> WORK TO COMPLETE: Line by line, repeat the material below exactly and skip the images.

> SOURCE DATA:
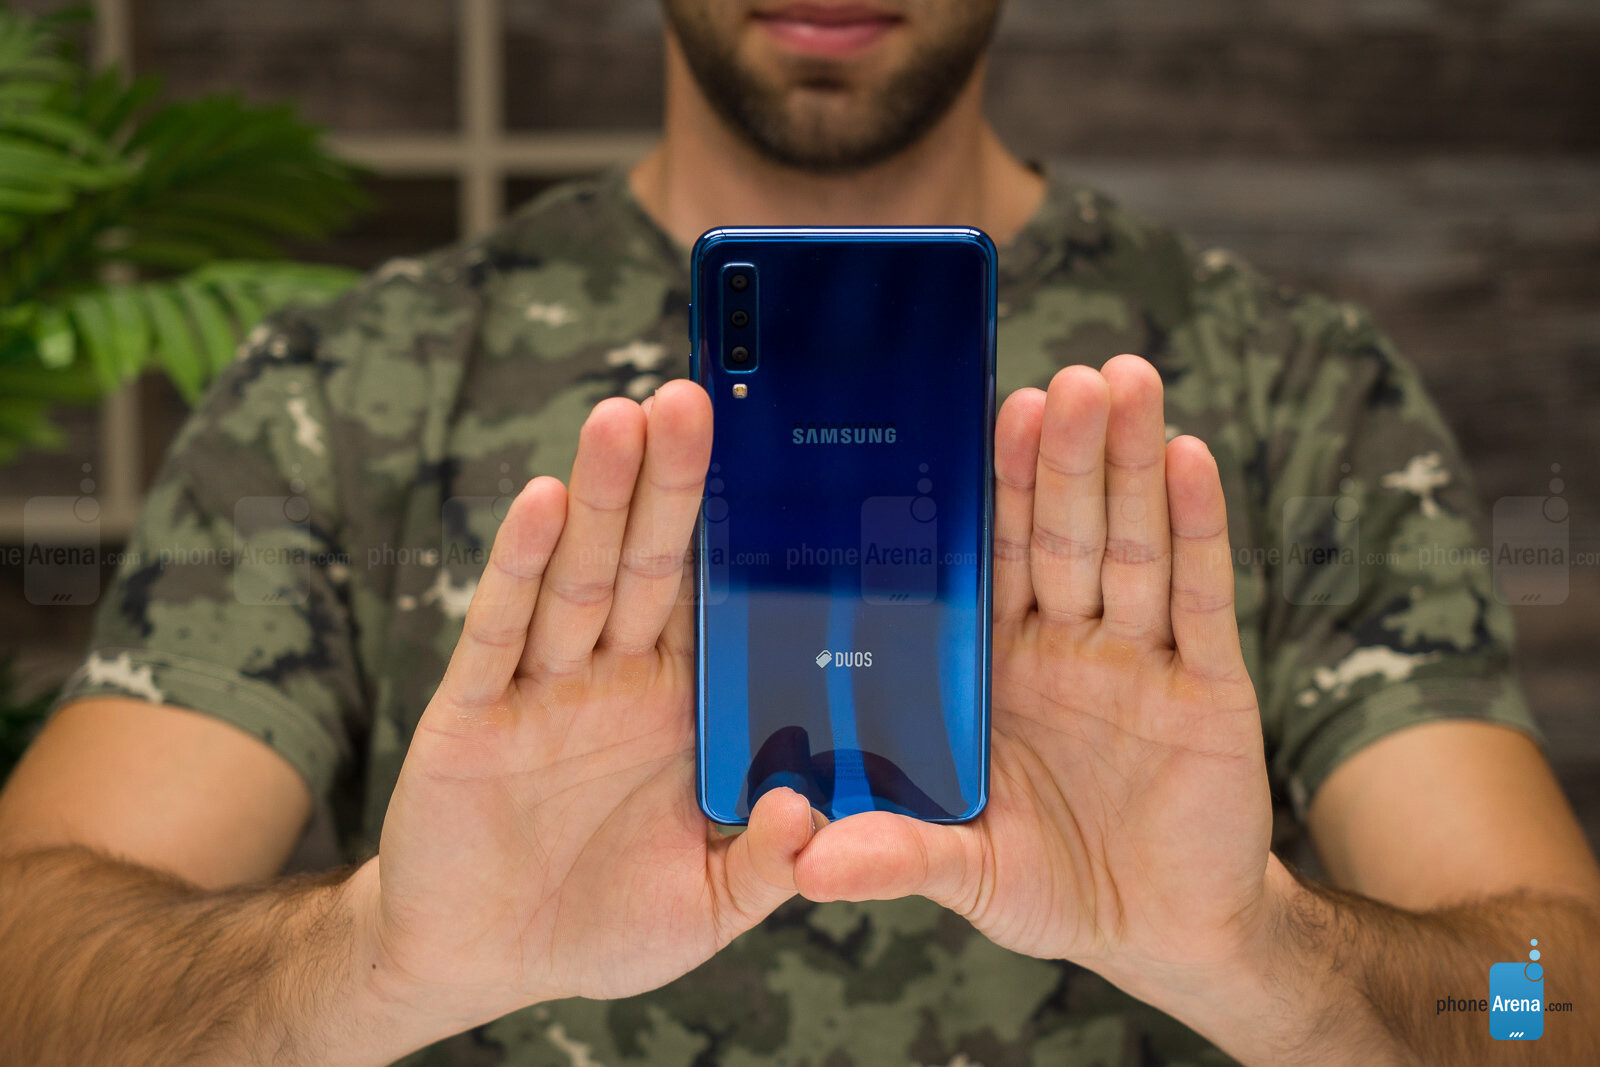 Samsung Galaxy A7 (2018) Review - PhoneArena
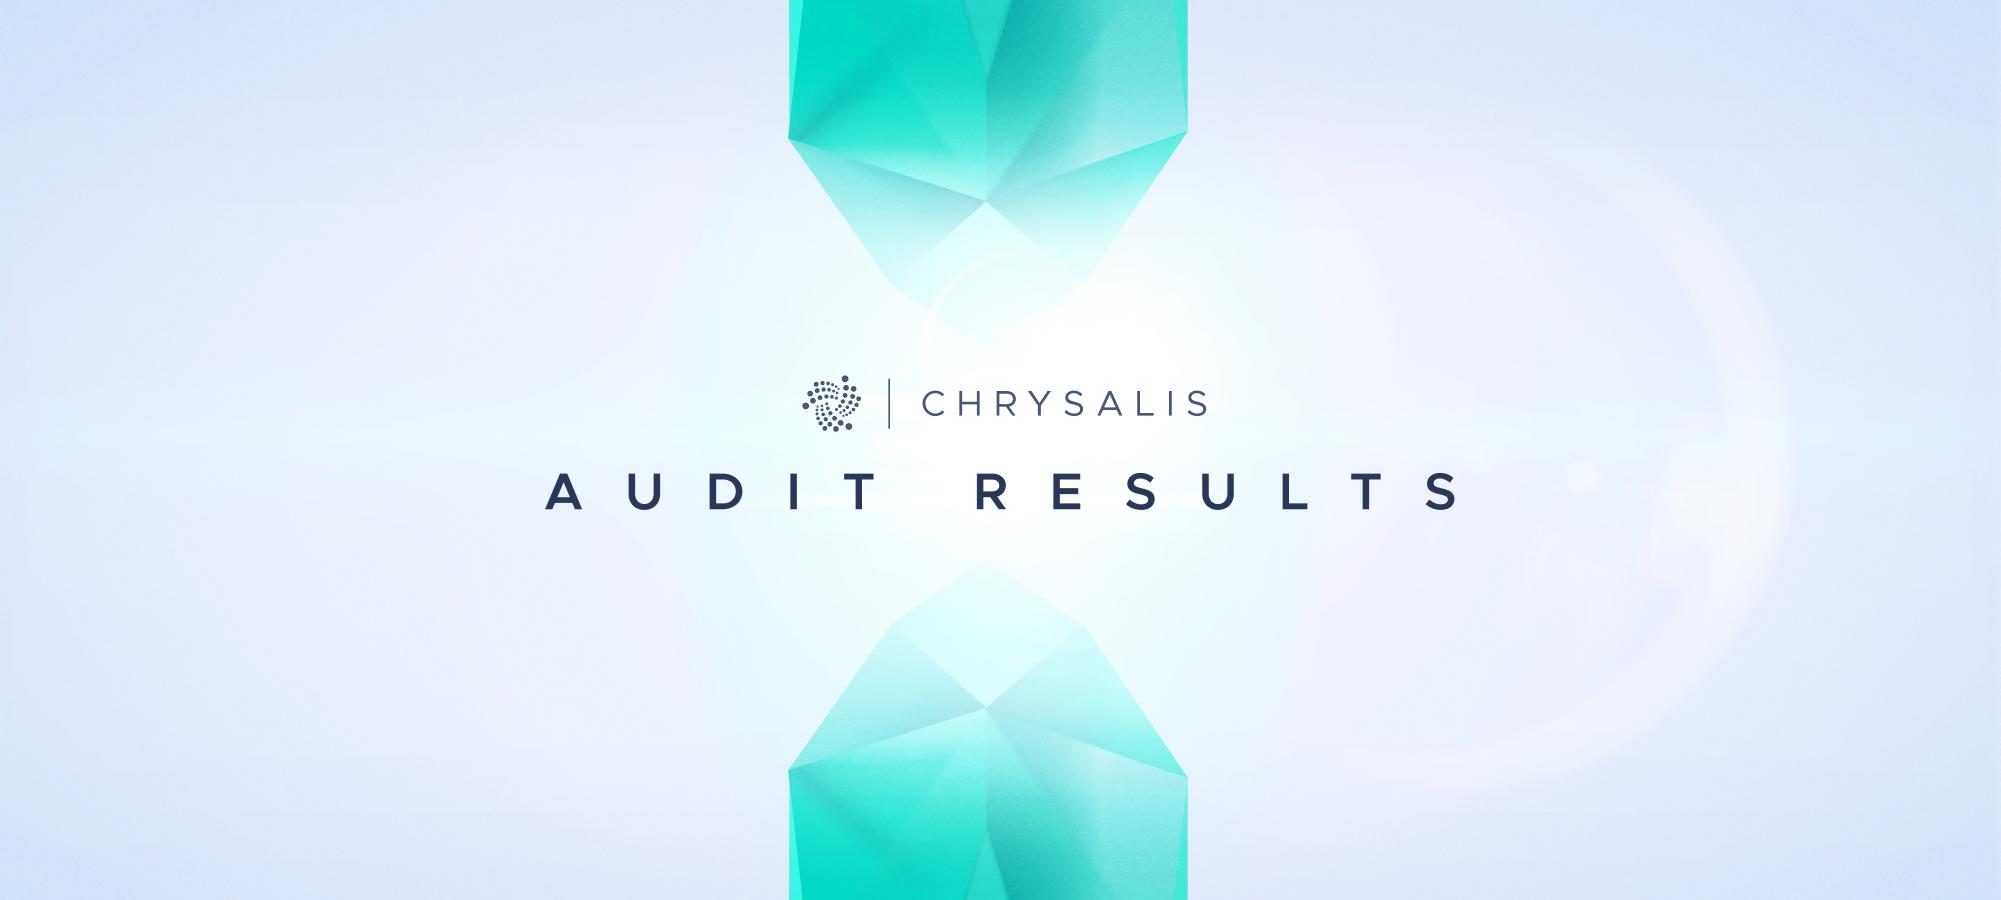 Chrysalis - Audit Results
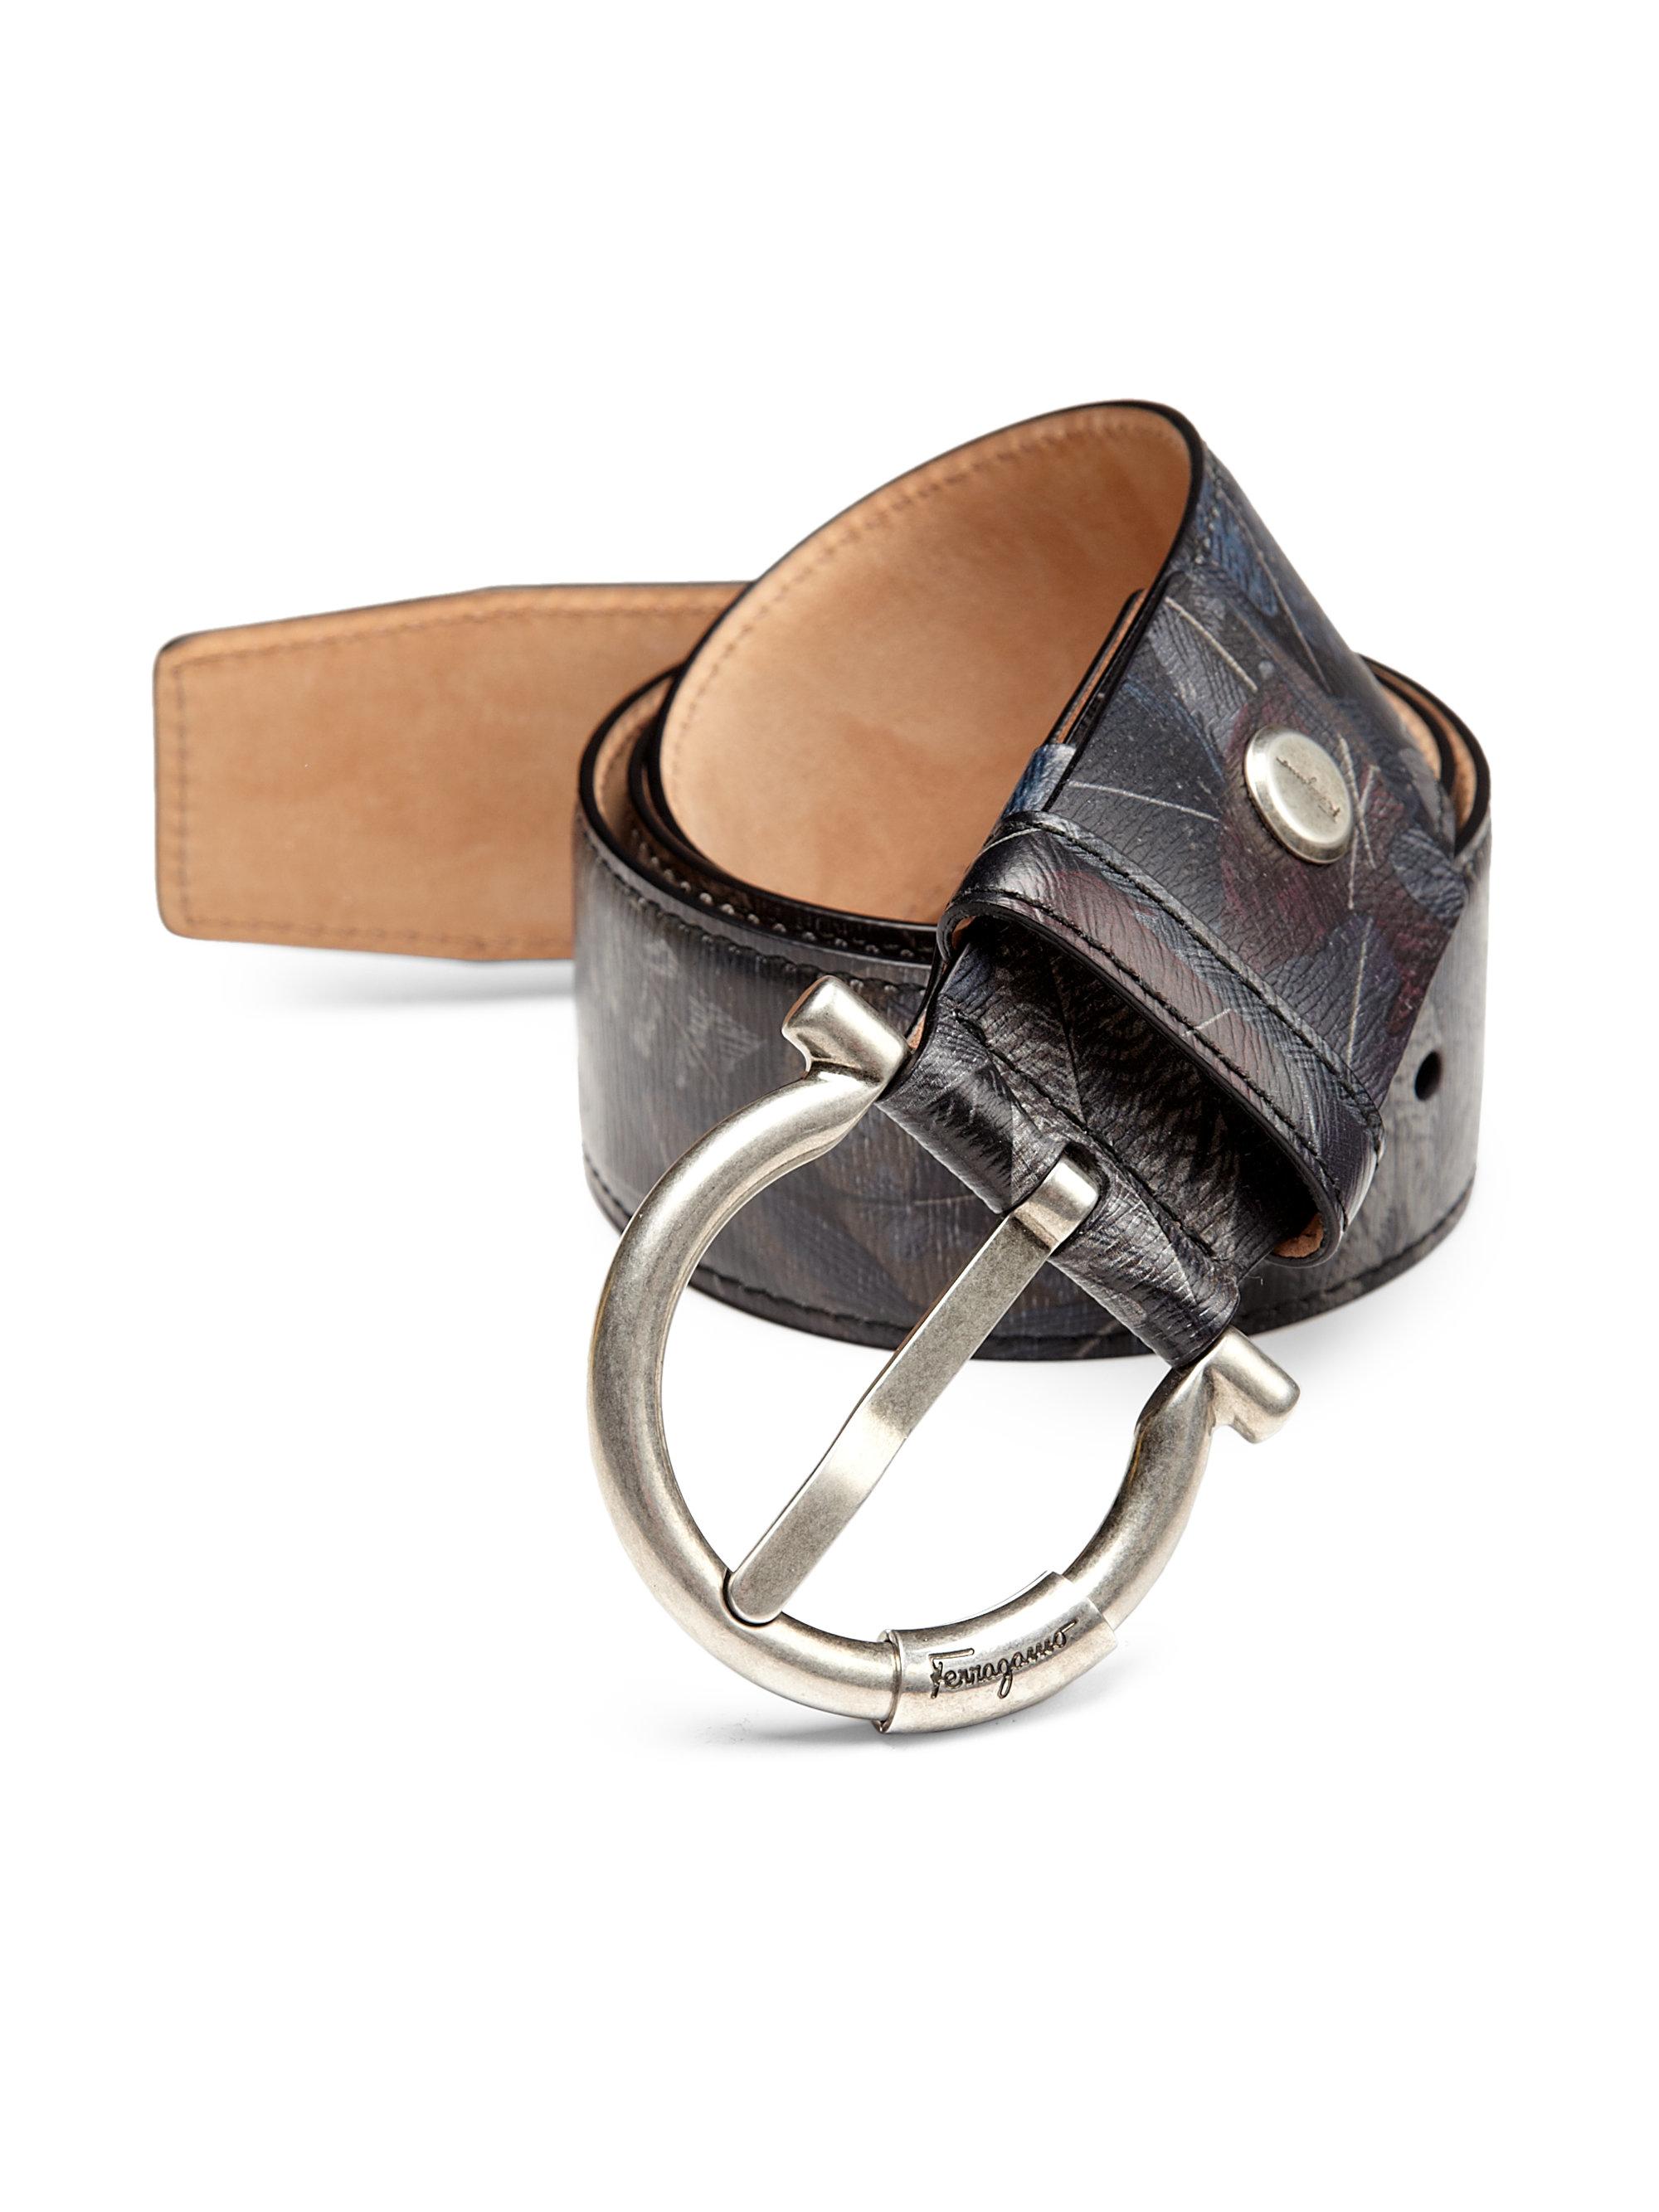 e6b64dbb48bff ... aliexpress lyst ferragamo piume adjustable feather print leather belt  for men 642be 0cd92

> EXERCISE RESULT:
 Samsung Galaxy A7 (2018) Review - PhoneArena
 Chrysalis - Audit Results
 e6b64dbb48bff ... aliexpress lyst ferragamo piume adjustable feather print leather belt  for men 642be 0cd92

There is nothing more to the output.